As I noted earlier, Eye in the Sky is a film in which a considerable portion of dialogue is given over to questioning law. In his concluding chapter, Gunneflo writes, “critical engagement …appears to me to be not only useful but a matter of some urgency for the present. For, legal texts, laying down a specifically legal rationality, have played an enormously important role in the emergence of targeted killing” (233). Bringing Gunneflo’s important book into conversation with the cultural text of a film alerts us to the tentacular disseminations of a particularly troubling understanding of law and legitimacy in our era of perpetual war. Through the histories, politics, and accounts of law Gunneflo presents, I am prompted to ask: do cultural texts like Eye in Sky become proxies for legal contestation that does not occur in our public domains? Have we, as spectator-consumer-subjects, become seduced by the bedazzlements of spectacular war?
Gunneflo’s Targeted Killing offers a much needed corrective for the political disconnections of our mediatised, technofetishising contemporary moment.
Jothie Rajah is Research Professor at the American Bar Foundation in Chicago. Her current research mainly focuses on the impact of 9/11 on rule of law discourses, (eg Law as Record: the Death of Osama bin Laden). She also studies rule of law in relation to authoritarianism, (eg Authoritarian Rule of Law: Legislation, Discourse and Legitimacy in Singapore, Cambridge University Press, 2012).

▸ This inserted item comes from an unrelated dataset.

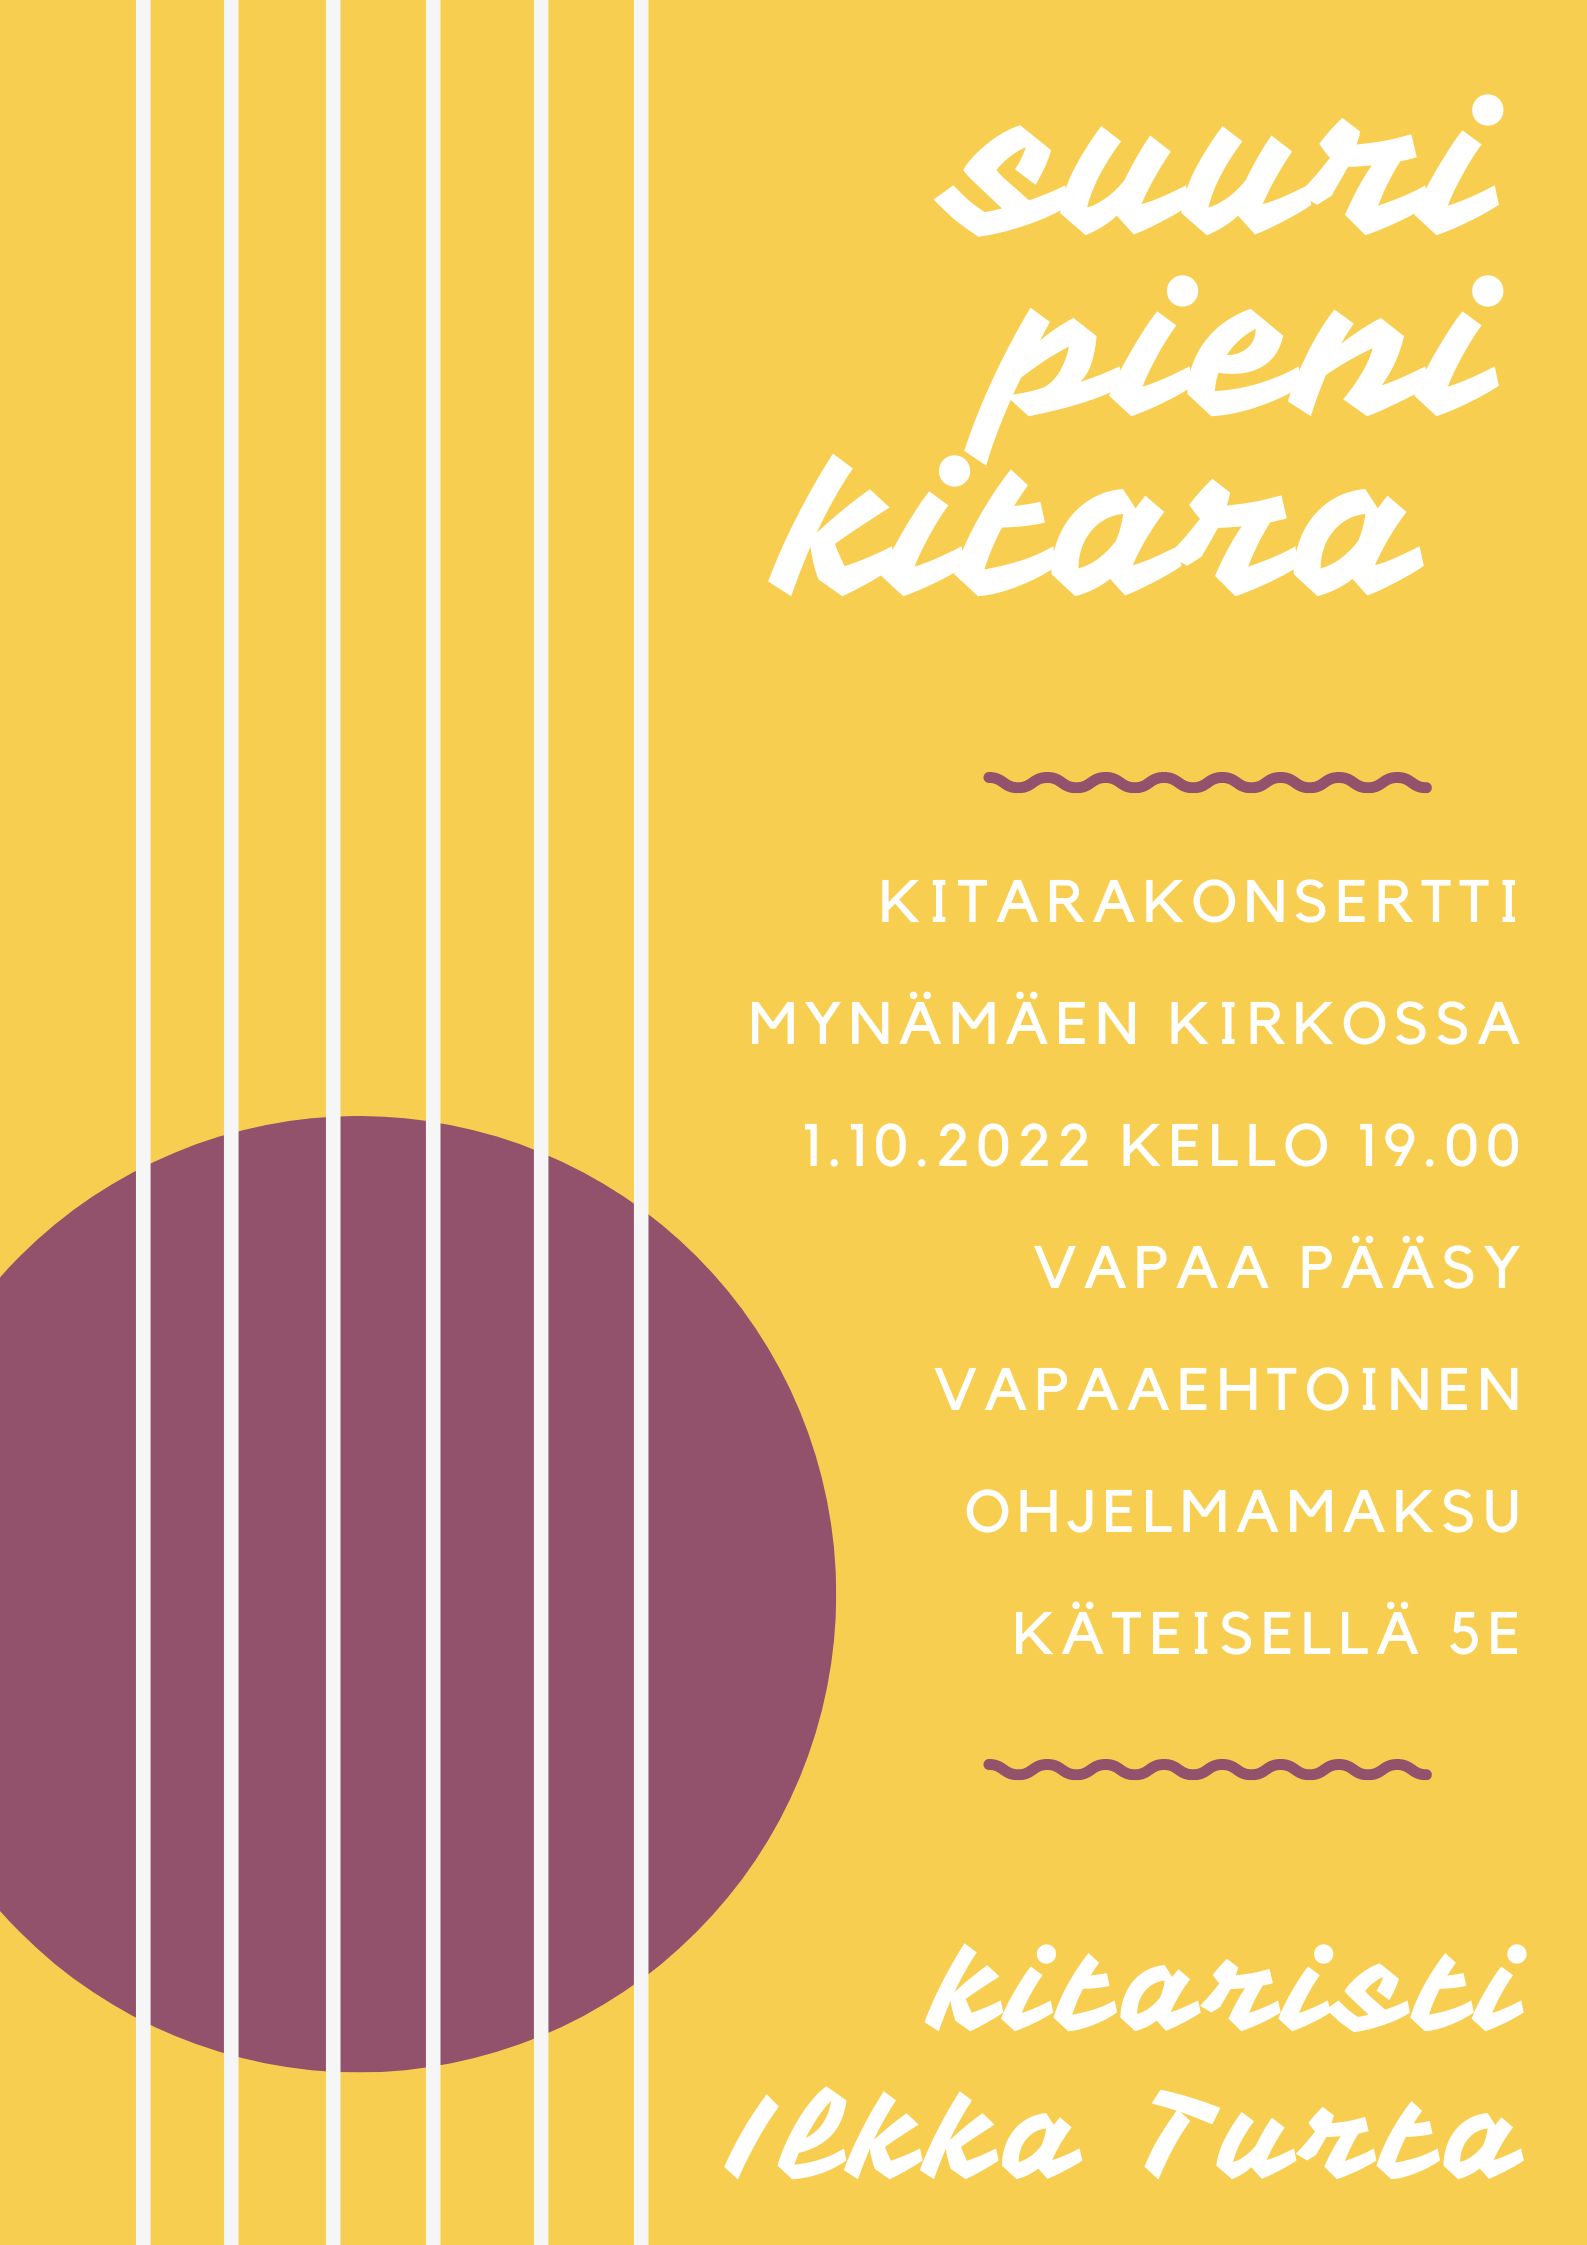 Kitarakonsertti Mynämäen kirkossa 1.10.2022 klo 19.00

[1] In delving into the dehumanizing, “actuarial” (2012: 273) logics of the language of ‘collateral damage’, Liam Kennedy argues that collateral damage is “a form of violence that is supplementary and incidental to the sensational violence of shock and awe”, and that “[a]cross US mainstream visual culture, shock and awe and collateral damage are dominant frames in visualizations of the war on terror. They ideologically parse death and suffering by delineating those who count as fully human and those who do not ” (2012: 265).
[2] Eye in the Sky features in musician and artist David Byrne’s installation on implicit bias. In National Public Radio’s report on Byrne’s installation, the role of race, religion, and dress in assumptions about terrorism are brought to the fore: http://www.npr.org/programs/morning-edition/
Cite as: Jothie Rajah, Gunneflo Book Syposium (5) – Targeted Killing and Spectacular War, Völkerrechtsblog, 7 April 2017, doi: 10.17176/20170411-114021.